## Your objective
The listing, minus its pictures, is to be given again exactly.

## Data segment
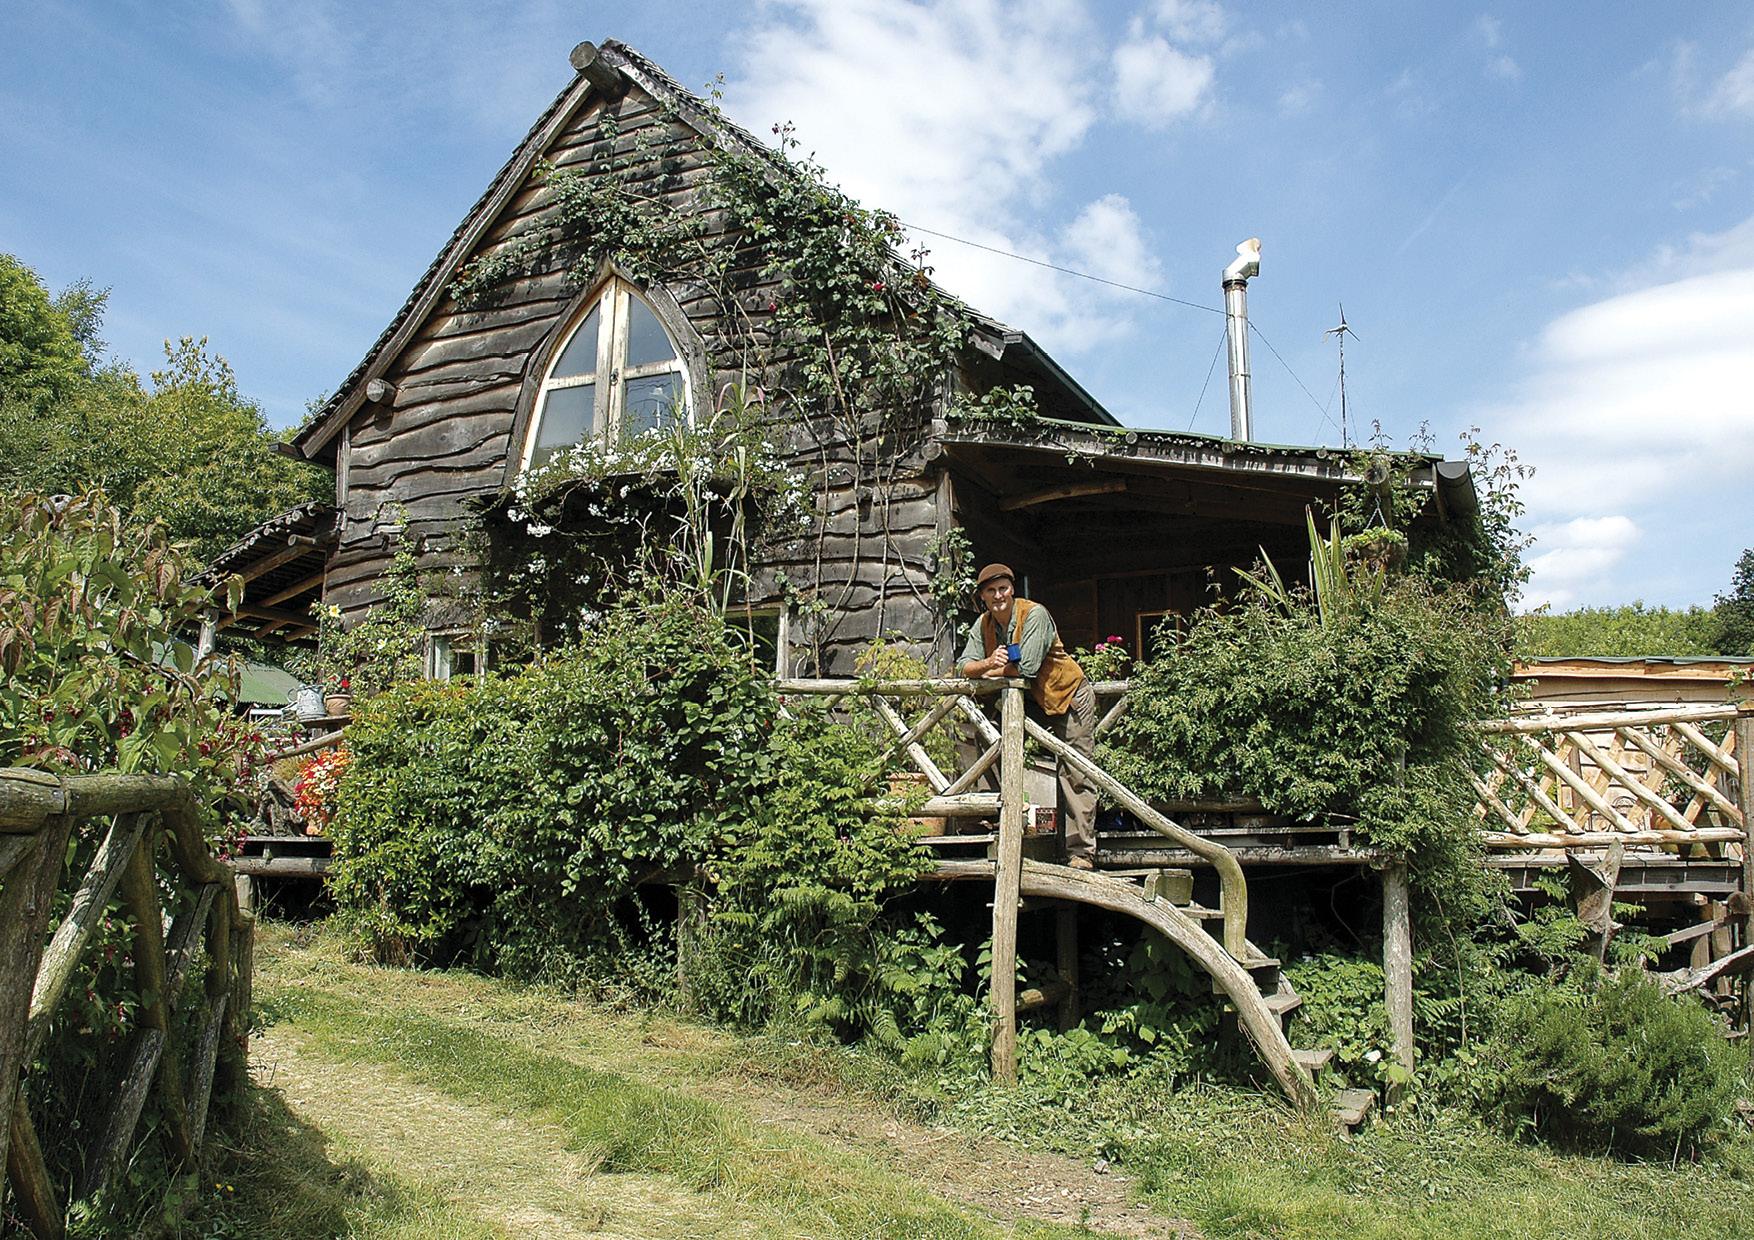 Principle 3: Obtain a yield - A woodlands home
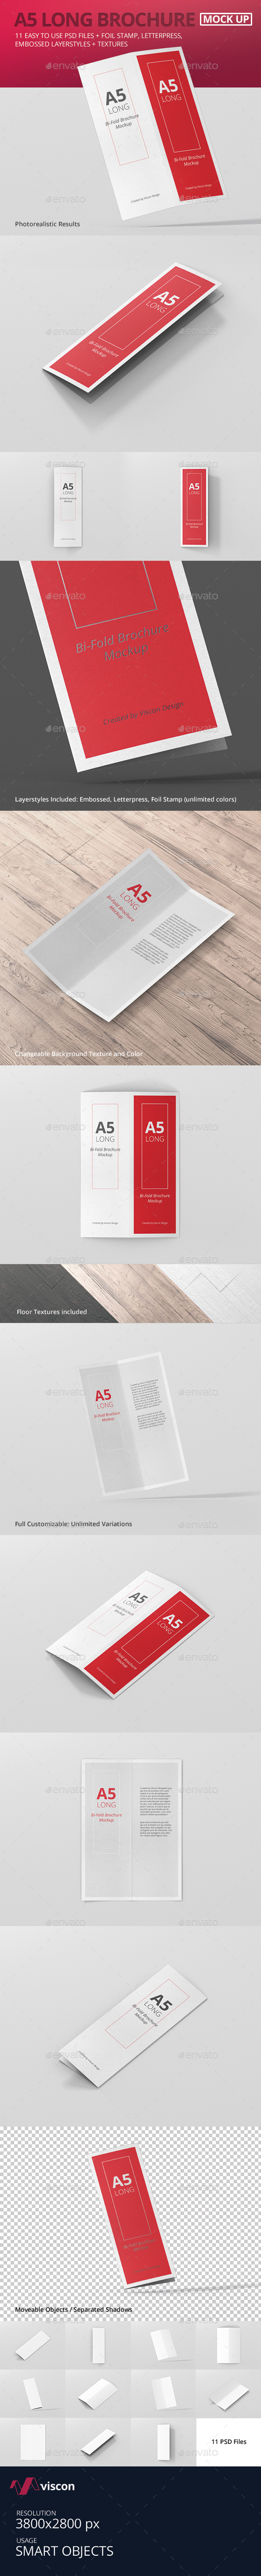 A5 Long Bi-Fold Brochure Mock-Up - Brochures Print
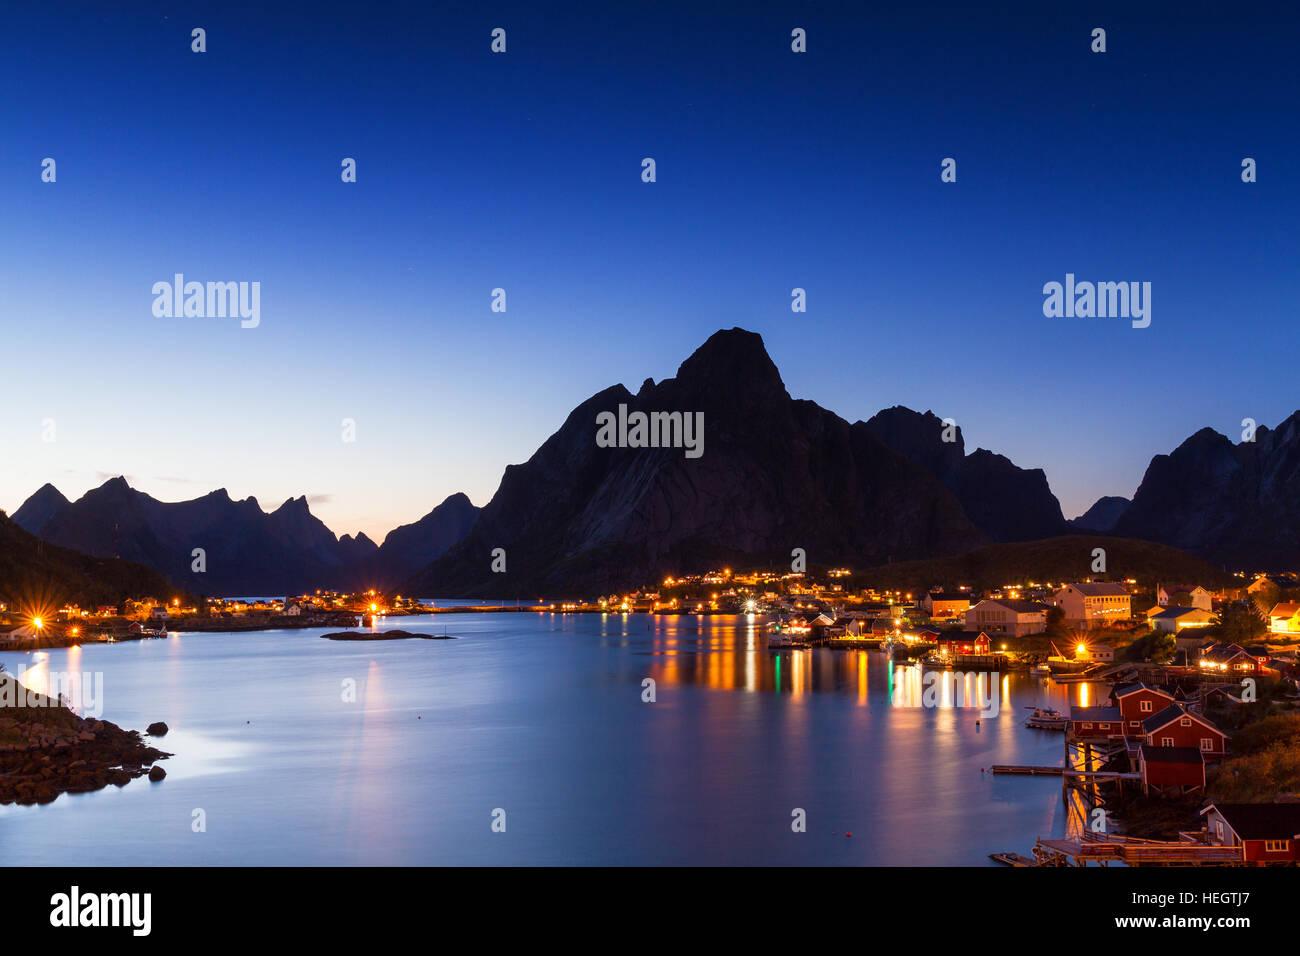 Village of Reine at twilight, Lofoten, Norway Stock Photo
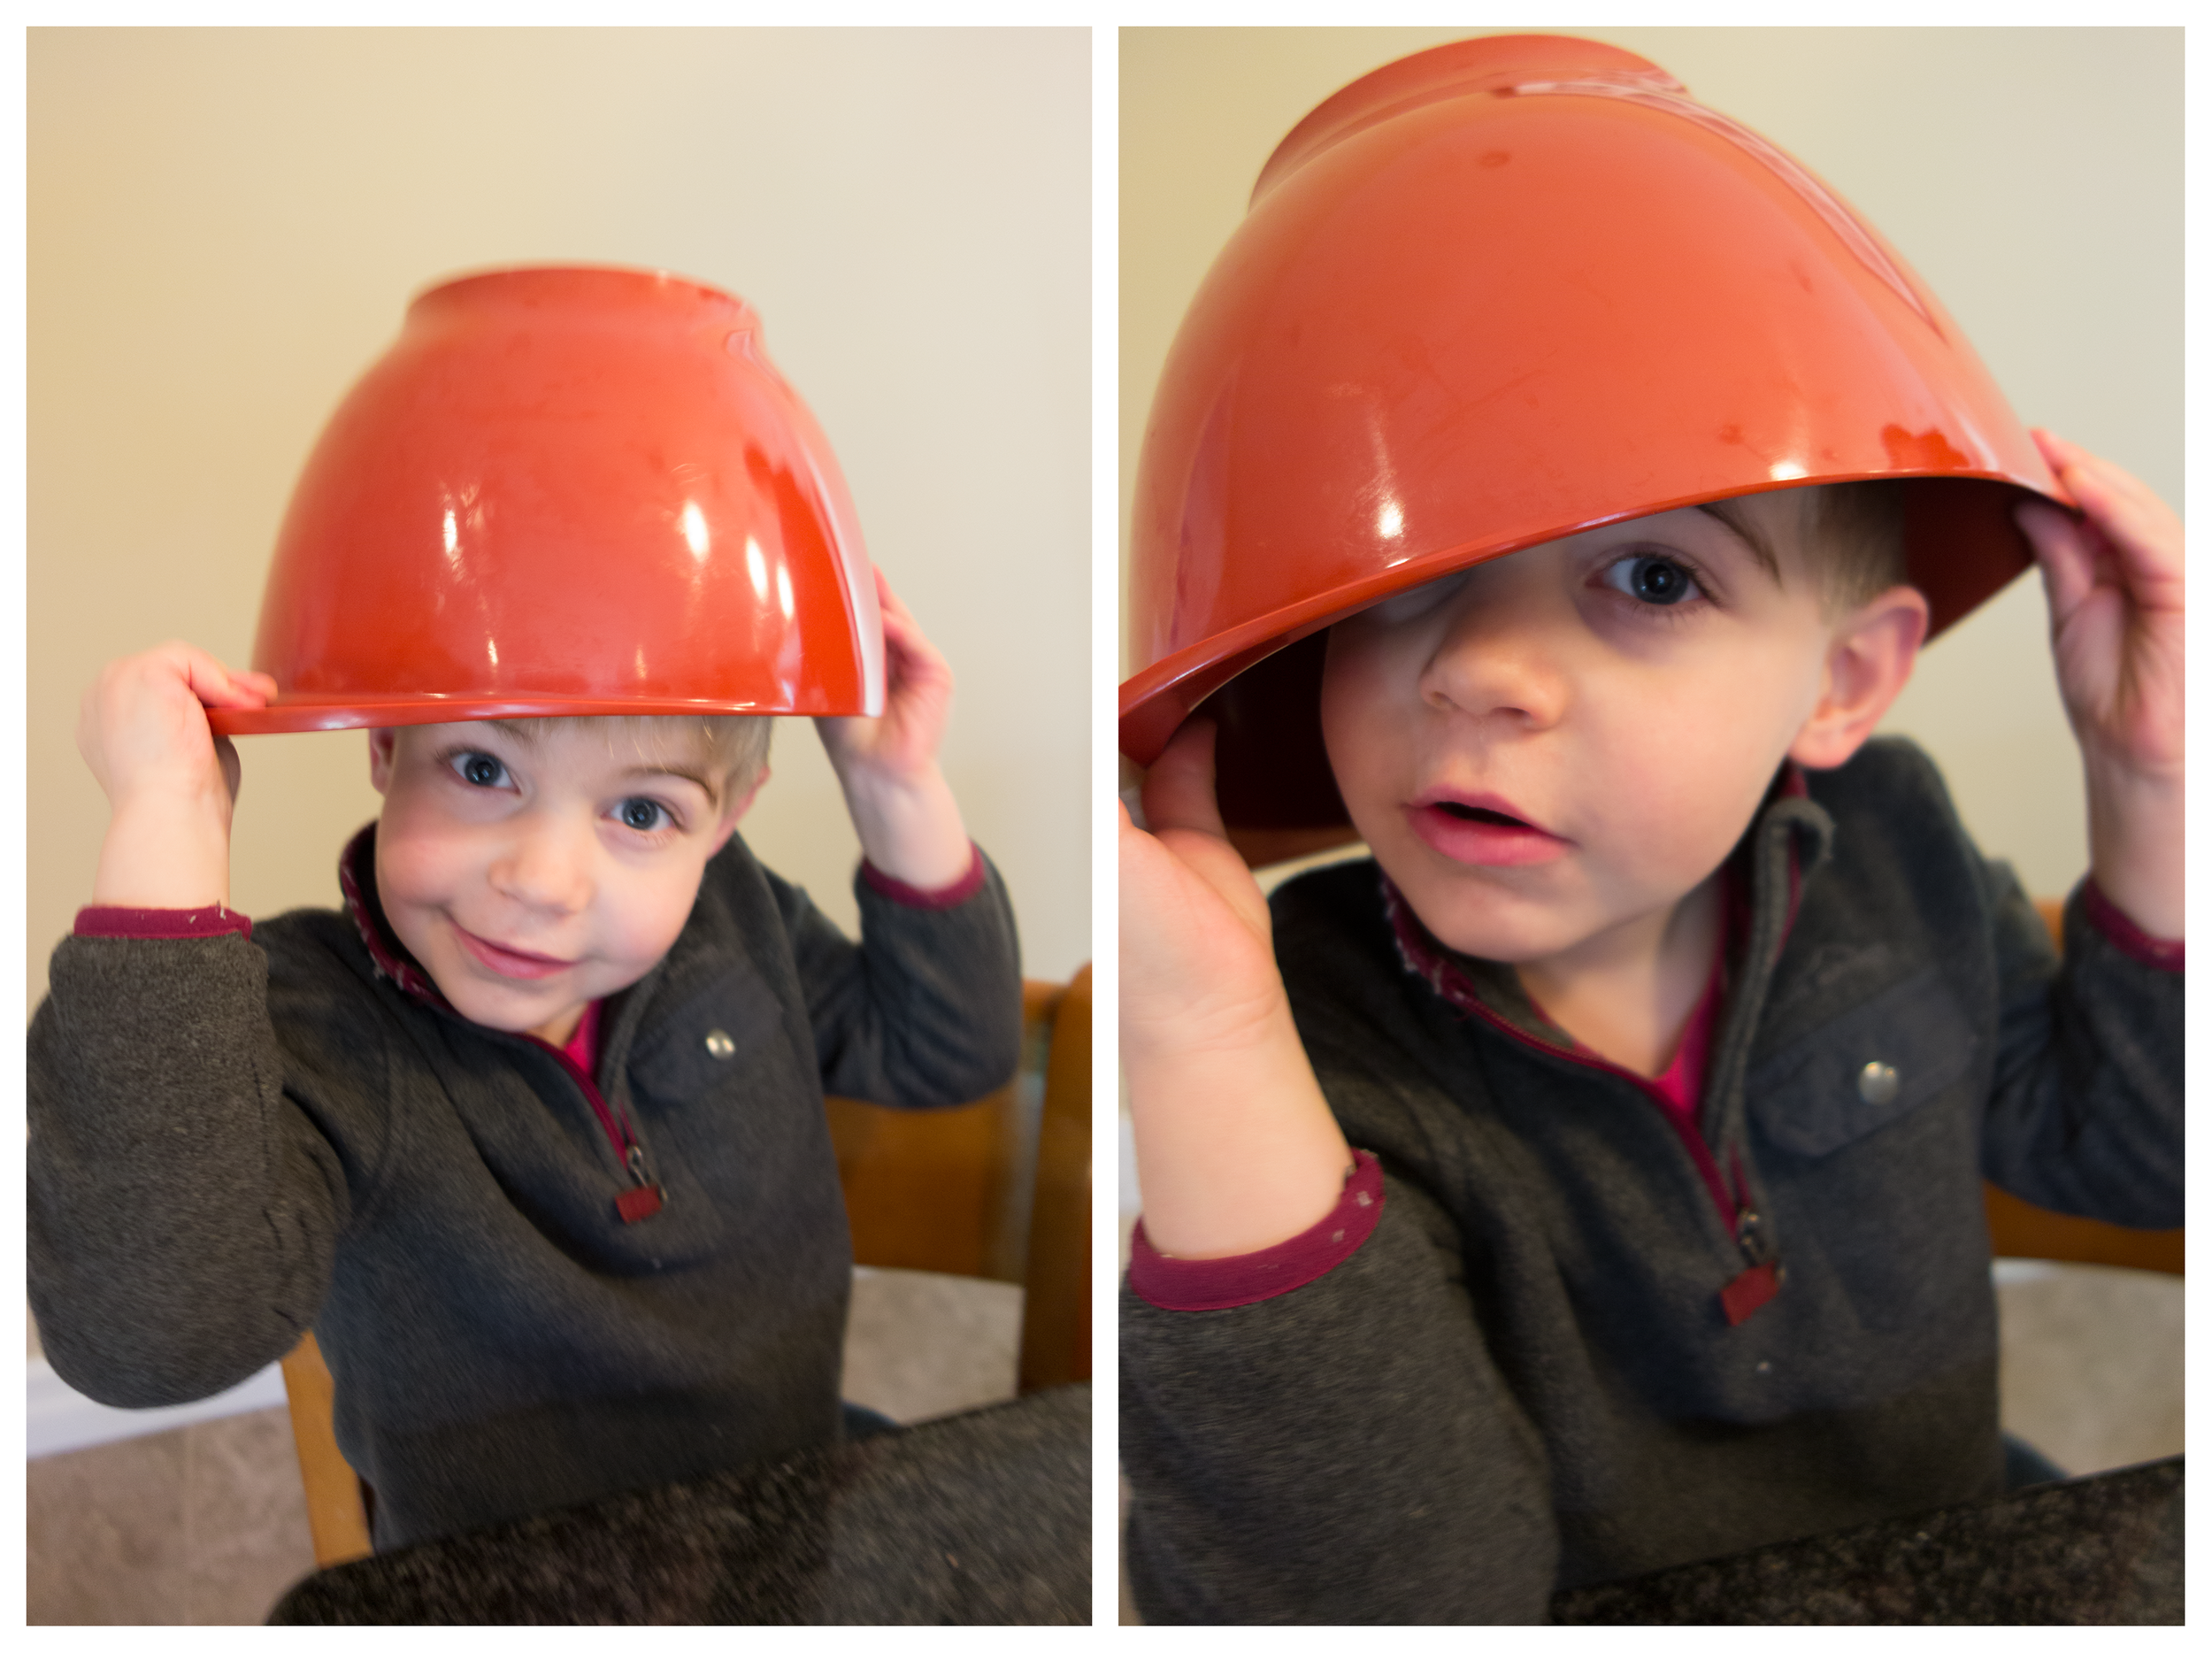 My adorable nephew sous-chef

## Solved problem
 Principle 3: Obtain a yield - A woodlands home
 A5 Long Bi-Fold Brochure Mock-Up - Brochures Print
 Village of Reine at twilight, Lofoten, Norway Stock Photo
 My adorable nephew sous-chef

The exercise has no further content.